ART. 29. There shall be no establishment of any one religious sect in this State in preference to another; and no clergyman or preacher of the gospel, of any denomination, shall be capable of holding any civil once in this State, or of being a member of either of the branches of the legislature, while they continue in the exercise of the pastoral function.
A jurisdictional separation between church and state was maintained by prohibiting a “clergyman or preacher of the gospel, of any denomination” from “holding any civil office” in the state, “or of being a member of either of the branches of the legislature, while they continue in the exercise of the pastoral function” (Art. 29). Let me repeat.
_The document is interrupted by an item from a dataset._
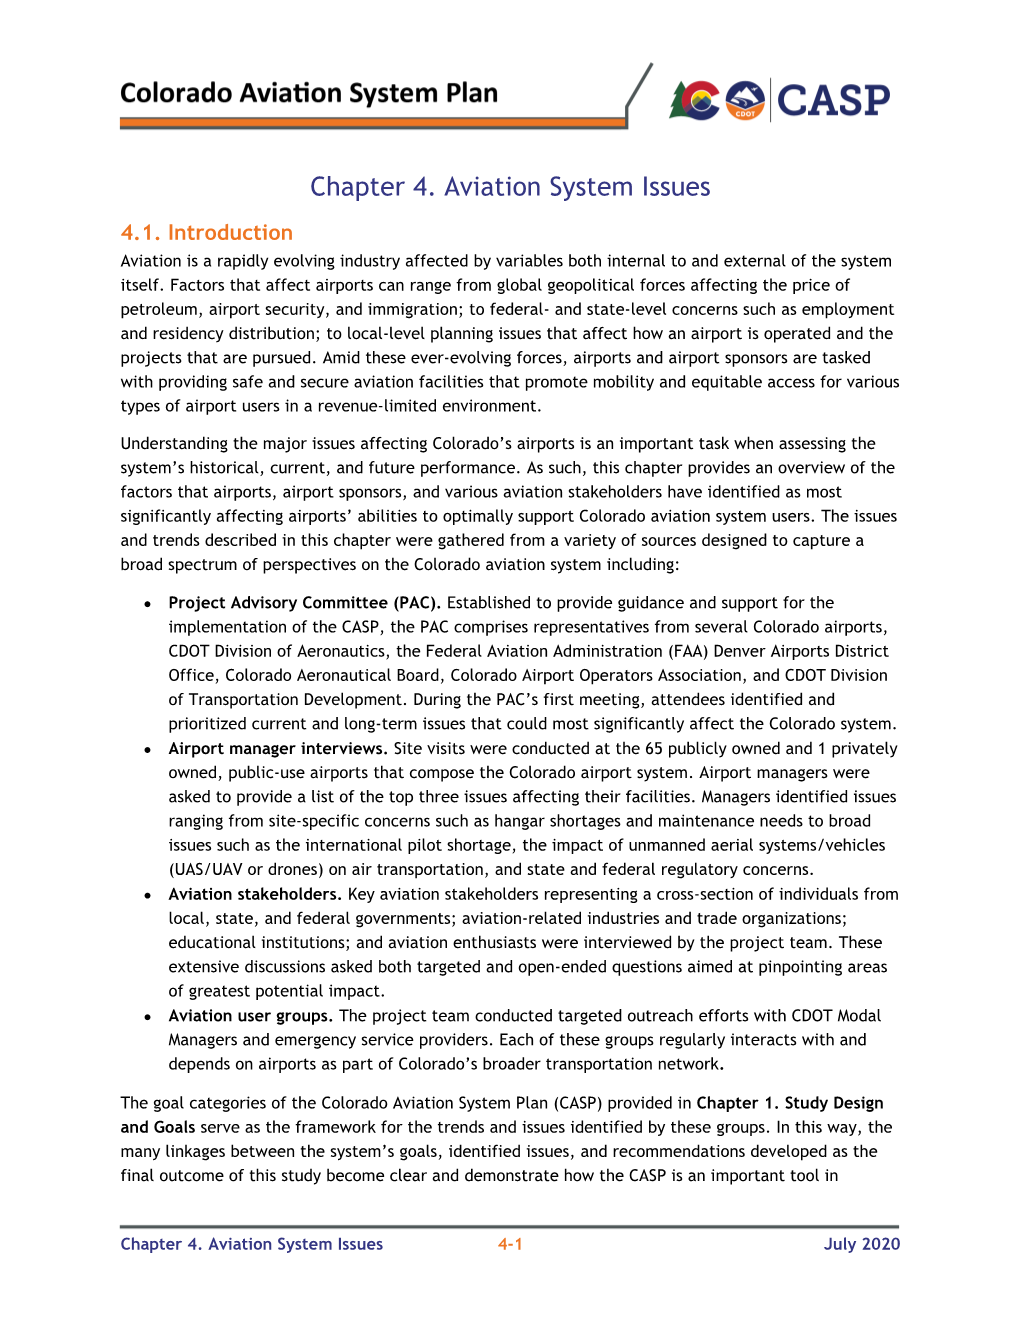 Chapter 4. Aviation System Issues

This state prohibition was in effect prior to 1787, and Article VI, sec. 1 in the Constitution did nothing to change this at the state level.
Taking your view, then one has to explain how the Constitution of North Carolina in 1776 provided, “That no person who shall deny the being of God or the truth of the Protestant religion, or the divine authority either of the Old or New Testaments, or who shall hold religious principles incompatible with the freedom and safety of the State, shall be capable of holding any office or place of trust or profit in the civil department within this State” and remained in force until 1835, when it was amended by changing the word “Protestant” to “Christian,” and as so amended remained in force until the Constitution of 1868. And in that Constitution among the persons disqualified for office were “all persons who shall deny the being of Almighty God.”
Your understanding of the Constitution is a revisionist version. The Federal Government through the courts has turned the Constitution on its head, and your comments are evidence of this fact. Many of these changes came by way of the passage of the Fourteenth Amendment which has been used to nullify the original intent of the Bill of Rights. Originally the states only wanted to give limited authority and enumerated powers to a national government. Thomas Jefferson made these points in the Kentucky Resolutions of 1798:
“Resolved, that the several States composing the United States of America, are not united on the principle of unlimited submission to their general government; but that by compact under the style and title of a Constitution for the United States and of amendments thereto, they constituted a general government for special purposes, delegated to that government certain definite powers, reserving each State to itself, the residuary mass of right to their own self-government; and that whensoever the general government assumes undelegated powers, its acts are unauthoritative, void, and of no force: That to this compact each State acceded as a State, and is an integral party, its co-States forming, as to itself, the other party….each party has an equal right to judge for itself, as well of infractions as of the mode and measure of redress.”
The very wording of the First Amendment is a brake on the Federal Government: “Congress shall make no law. . . .” If Congress can’t make a law, then it can’t make a law.